For those who don't know, ROCE is a measure of a company's yearly pre-tax profit (its return), relative to the capital employed in the business. To calculate this metric for Metrofile Holdings, this is the formula:

Return on Capital Employed = Earnings Before Interest and Tax (EBIT) ÷ (Total Assets - Current Liabilities)

0.15 = R188m ÷ (R1.5b - R216m) (Based on the trailing twelve months to December 2024).

Therefore, Metrofile Holdings has an ROCE of 15%. In isolation, that's a pretty standard return but against the IT industry average of 38%, it's not as good.

View our latest analysis for Metrofile Holdings

roce
JSE:MFL Return on Capital Employed August 4th 2025

Historical performance is a great place to start when researching a stock so above you can see the gauge for Metrofile Holdings' ROCE against it's prior returns. If you're interested in investigating Metrofile Holdings' past further, check out this free graph covering Metrofile Holdings' past earnings, revenue and cash flow.

So How Is Metrofile Holdings' ROCE Trending?

In terms of Metrofile Holdings' historical ROCE movements, the trend doesn't inspire confidence. To be more specific, the ROCE was 19% five years ago, but since then it has dropped noticeably. And on the capital employed front, the business is utilizing roughly the same amount of capital as it was back then.

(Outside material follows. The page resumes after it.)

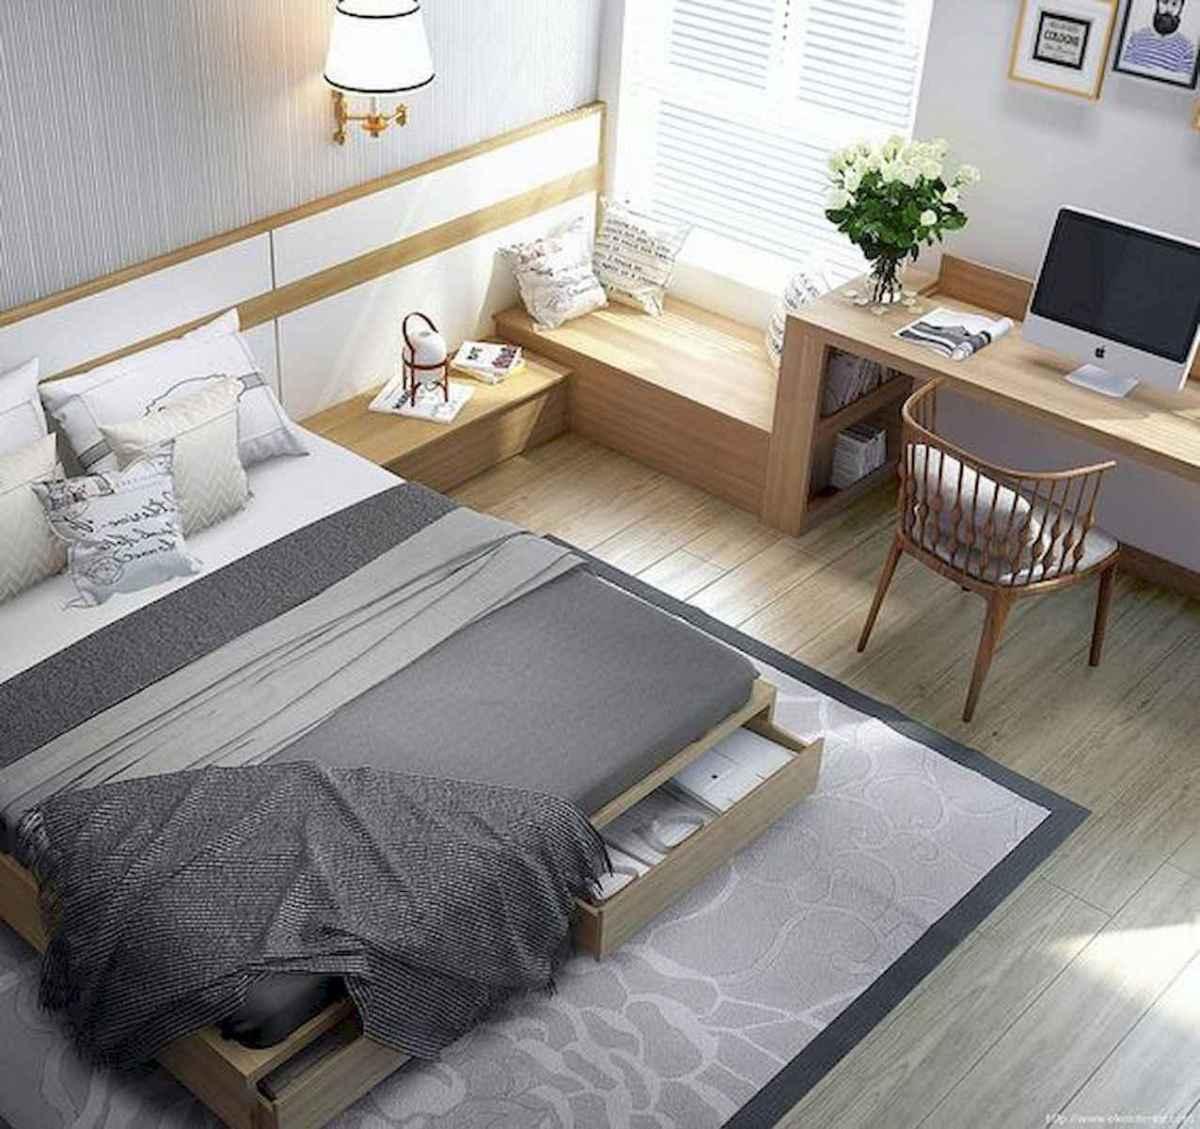 80 Fantastic Small Apartment Bedroom College Design Ideas and Decor (62)

Since returns are falling and the business has the same amount of assets employed, this can suggest it's a mature business that hasn't had much growth in the last five years. If these trends continue, we wouldn't expect Metrofile Holdings to turn into a multi-bagger.

The Key Takeaway

All in all, the lower returns from the same amount of capital employed aren't exactly signs of a compounding machine. But investors must be expecting an improvement of sorts because over the last five yearsthe stock has delivered a respectable 54% return. Regardless, we don't feel too comfortable with the fundamentals so we'd be steering clear of this stock for now.

Metrofile Holdings does come with some risks though, we found 3 warning signs in our investment analysis, and 1 of those is potentially serious...

While Metrofile Holdings isn't earning the highest return, check out this free list of companies that are earning high returns on equity with solid balance sheets.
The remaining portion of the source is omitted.